Santiago, Chile- Shane Cienfuegos, 29 anos, é a primeira pessoa a receber uma carteira de identidade no Chile sem identificação de gênero, um ato administrativo que considera uma "vitória" contra a discriminação e contra a violência sofrida por sua comunidade.
"Senti um grande peso colocado nos meus ombros", disse, em uma mistura de nervosismo e descrença, dez dias após receber a primeira carteira de identidade não binária do país. No campo do documento que indica o gênero, no lugar de "F", ou "M", iniciais para feminino e masculino, Shane tem um "X".
"É difícil ser a primeira pessoa", reconheceu Cienfuegos em entrevista à AFP, que pede para ser chamado com o pronome "elu" ("elle", no espanhol), não previsto pela norma culta, por se considerar "trans não-binário".
Os "não-binários" não se sentem exclusivamente masculinos, ou femininos, mas se percebem como ambos, uma combinação dos dois.
"Essa não é uma vitória de Shane, é uma vitória coletiva" das pessoas não binárias, acrescenta Cienfuegos, com seu longo cabelo preto, barba, batom vermelho e um vestido florido com lenço no pescoço.
"Isso deu a eles uma janela de oportunidades que antes não existiam em termos de legitimidade de sua identidade de gênero. Hoje, eles podem gerar processos de integração em espaços de educação e trabalho", acrescenta, ao explicar a luta que, no seu caso, significou nove anos de processos judiciais.
- Sobreviver a discriminação -
Conseguir o "X" alivia, no entanto, apenas uma parte da extensa batalha para evitar a "discriminação" que as pessoas "não-binárias" sofrem, tanto "fora da comunidade quanto dentro", diz Cienfuegos.

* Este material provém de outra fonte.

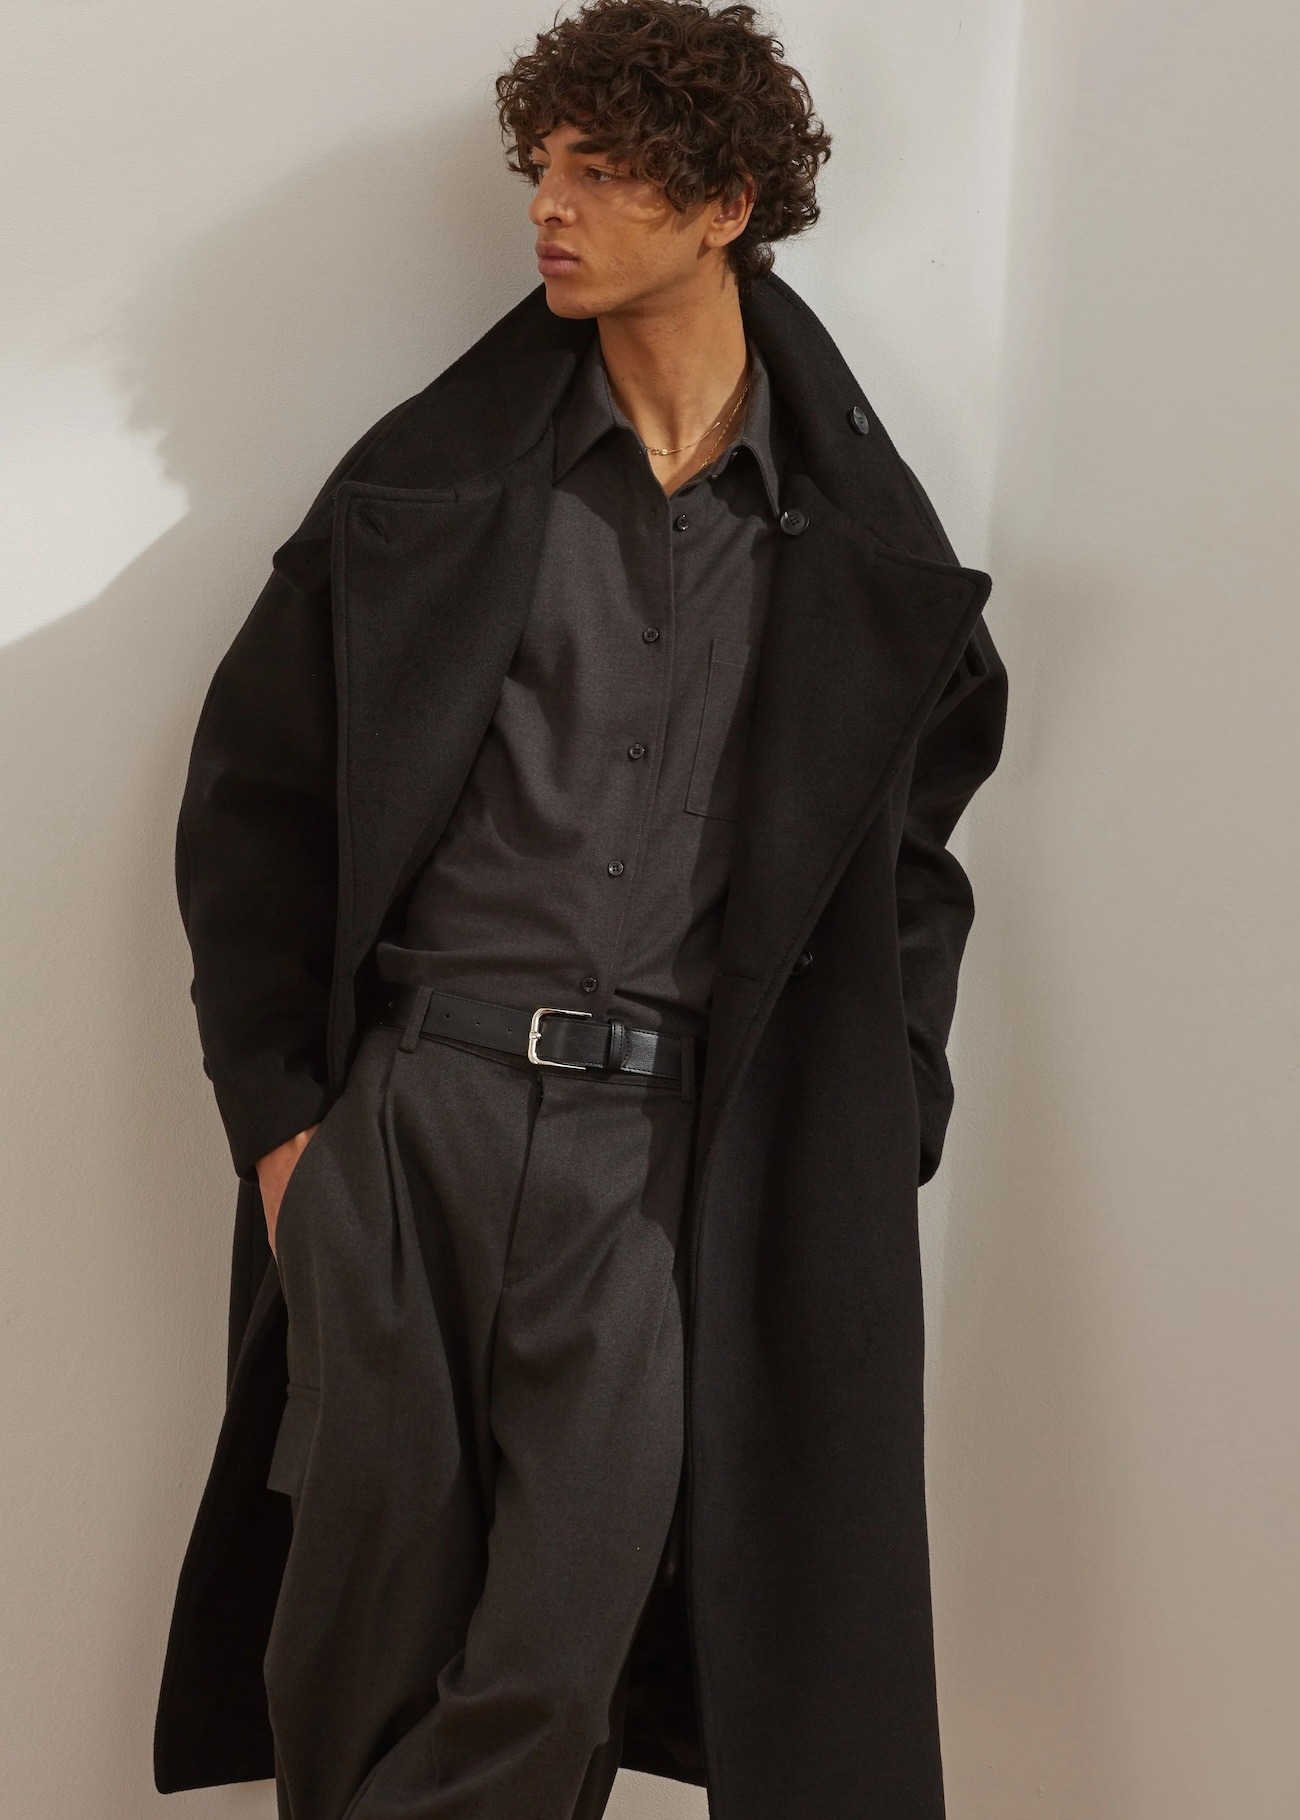 The Frankie shop marque boutique homme style minimaliste japonais coréen manteau andrea

"Elu" já sofreu três tentativas de assassinato. Em uma delas, por meio de um empurrão na estação de metrô de Santiago.
"Não sei quantas vezes já tive que lutar pela minha vida nas ruas. Sobrevivi. Fui durona para sobreviver a um sistema cruel e desumano, que só quer nos deixar nas ruas", conta, antes de presentear seu livro "Através do CIStema: memórias e reflexões de uma travesti", no Centro Cultural do bairro de Las Condes, onde alguns lhe pediam foto, enquanto outros olhavam impressionados.
"O principal motivo da morte das pessoas trans é o assassinato. Não morremos de diabetes, ou de um ataque do coração. Nós morremos porque assassinam a gente, porque nos suicidamos por causa dessa violência", defende Shane, ativista pelo direito das pessoas não-binárias desde o ensino médio.
Uma das saídas para pagar seu curso técnico em Serviço Social foi o trabalho sexual.
"Quando tinha nove anos, eu andava para a escola de manhã e gritaram para mim: Travesti! Não sabia o que era, mas sabia que iria me acompanhar pelo resto da vida. Ali, automaticamente me dei conta que não era homem, ou mulher", diz a coordenadora da unidade de intervenção social da Organização Transdiversidades (OTD) do Chile, uma entidade ativista que dá apoio social a pessoas trans.
Segundo uma pesquisa do Movimento de Integração e Libertação Homossexual (Movilh), foram registradas 1.114 denúncias de discriminação contra pessoas LGBTQIA+ em 2021, e 127 delas correspondiam a pessoas transgênero.
- Direito versus conservadorismo -
Shane Cienfuegos enfrentou os tribunais chilenos para conseguir sua identificação, já que não existe nenhum canal administrativo para uma pessoa não-binária obter seu documento.
Em julho passado, com apoio da clínica jurídica da Universidade do Chile e da OTD do Chile, um tribunal de apelações de Santiago reconheceu sua identidade de gênero como não-binária.
"A carteira de identidade não-binária é um marco no avanço dos direitos fundamentais. Mas o conservadorismo está relacionado com o tratamento discriminatório cotidiano com as pessoas de diversidade sexual, que perdura", conclui Cienfuegos.
Em julho de 2021, a Argentina foi vanguardista na América Latina, ao aprovar que o documento de identidade nacional do país adicionasse a opção "X" na definição de gênero.